- TASK PROMPT -
Please output exactly the lines below, starting at the line that has "Happy Easter Lettering" and ending at the line that has "Will Wilson, Chairman", both included; leave out all pictures and include nothing else.

- DATASET EXTRACT -
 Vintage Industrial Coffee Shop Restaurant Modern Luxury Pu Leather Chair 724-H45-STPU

==

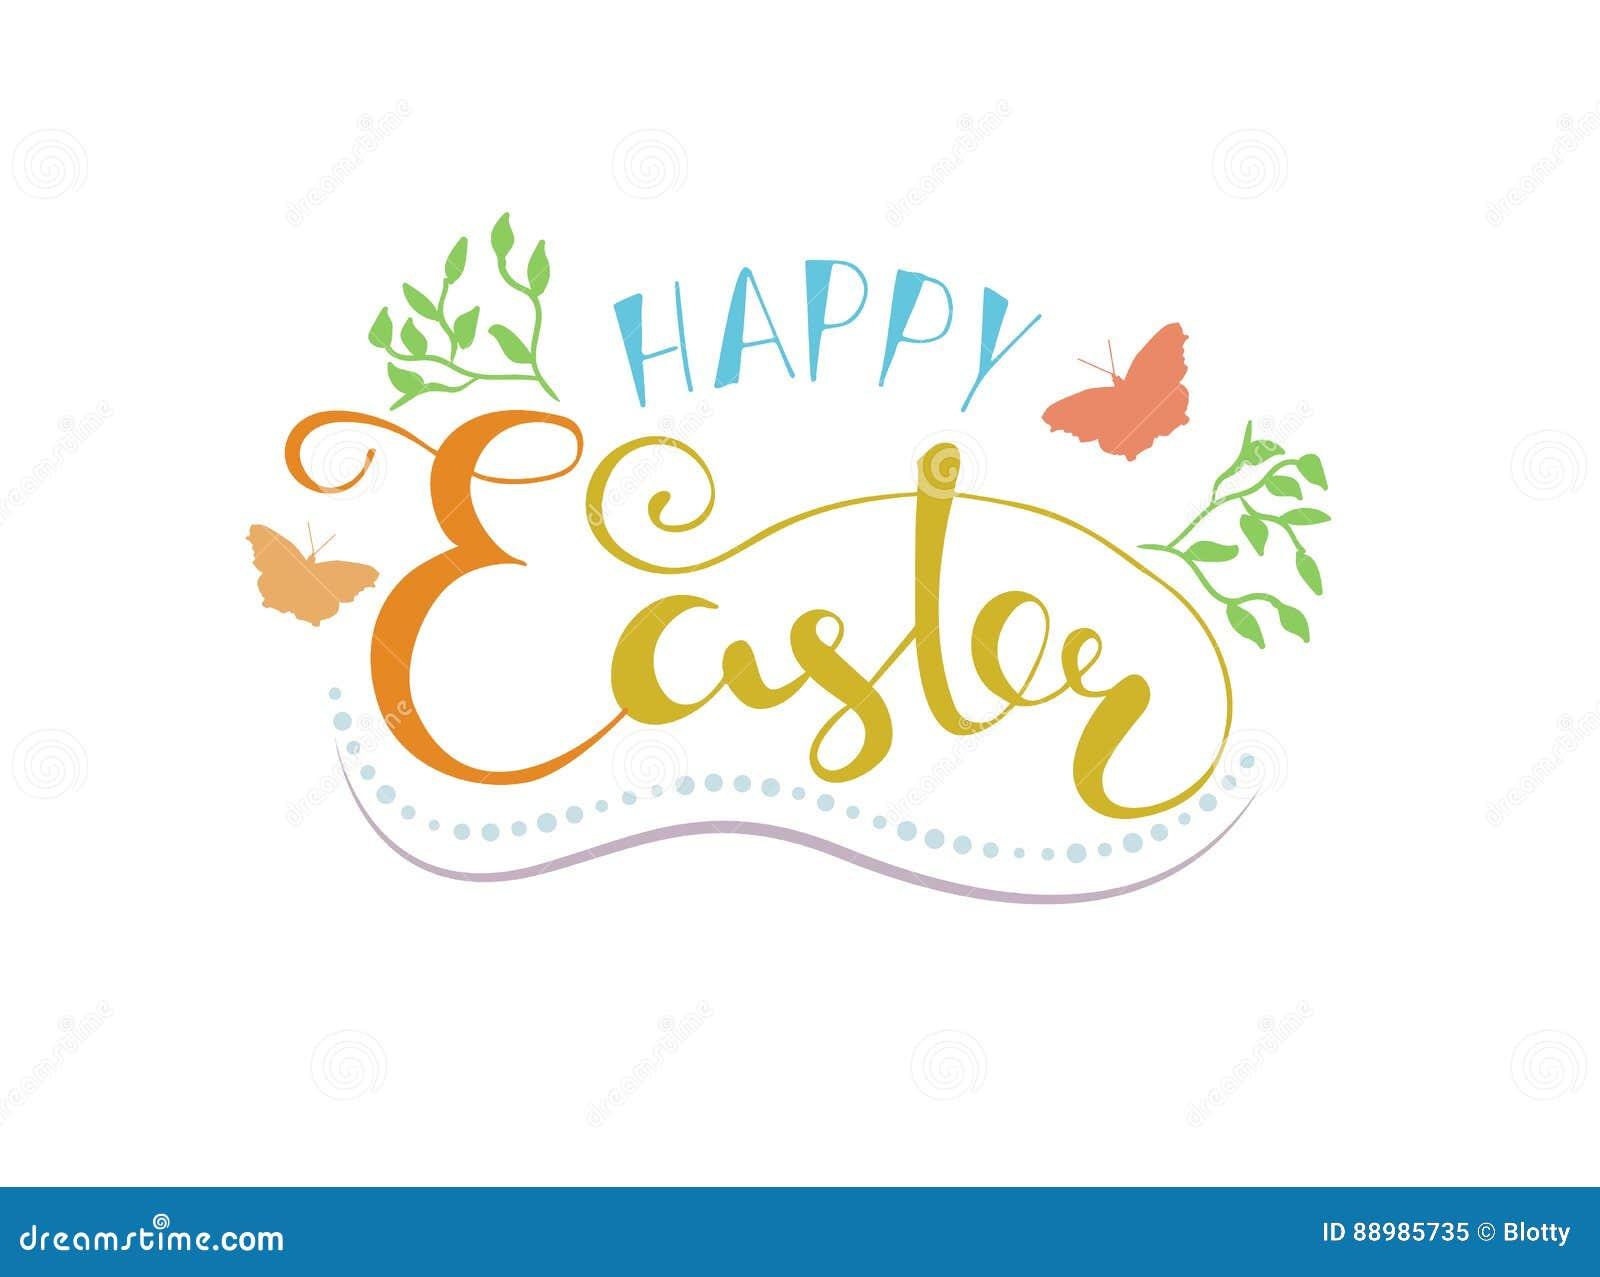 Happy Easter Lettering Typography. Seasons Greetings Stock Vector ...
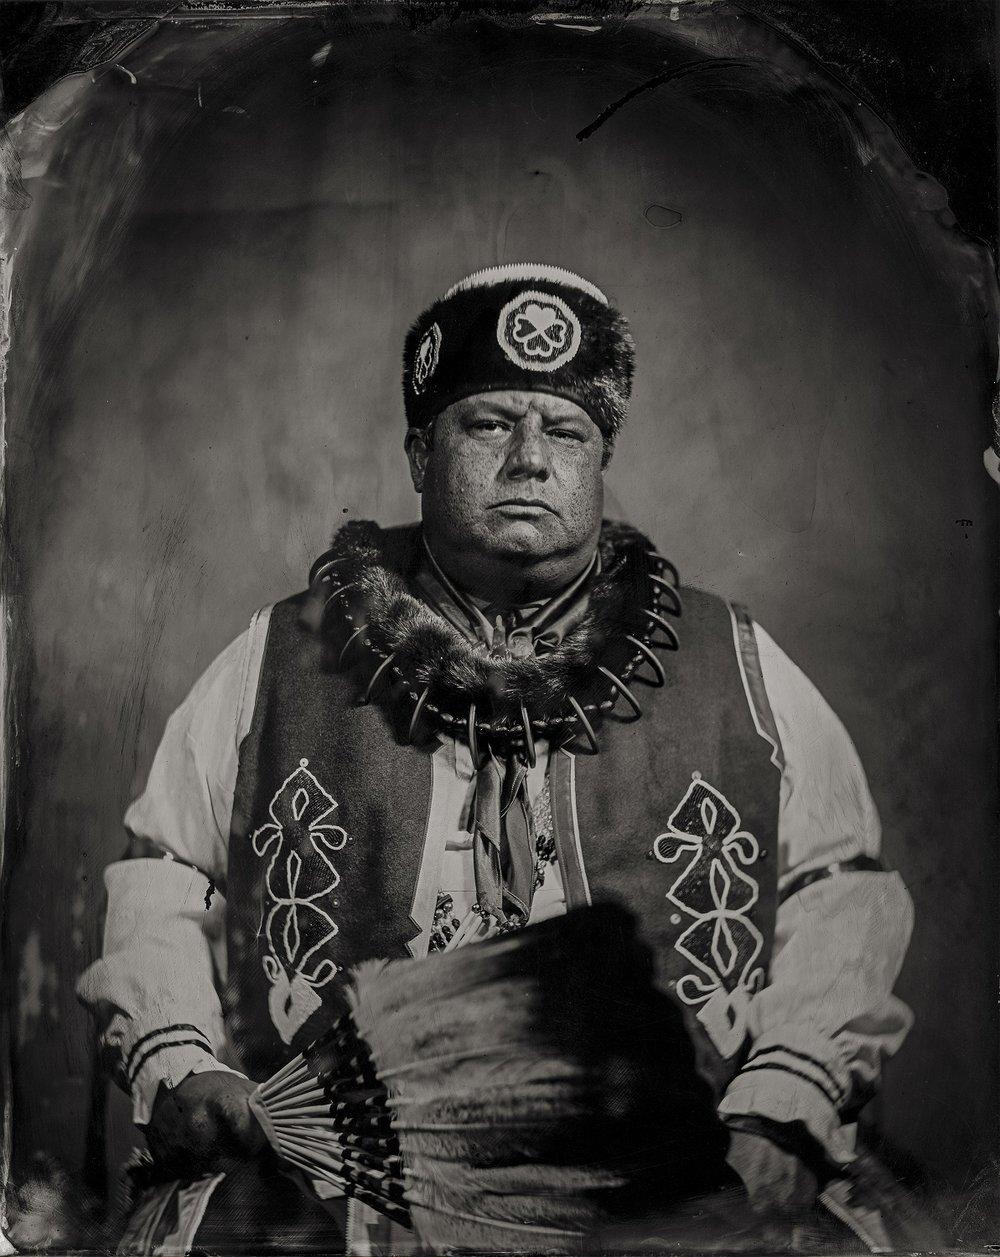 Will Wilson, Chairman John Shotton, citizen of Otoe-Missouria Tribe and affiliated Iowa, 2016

- TASK RESPONSE -
 Happy Easter Lettering Typography. Seasons Greetings Stock Vector ...
 Will Wilson, Chairman John Shotton, citizen of Otoe-Missouria Tribe and affiliated Iowa, 2016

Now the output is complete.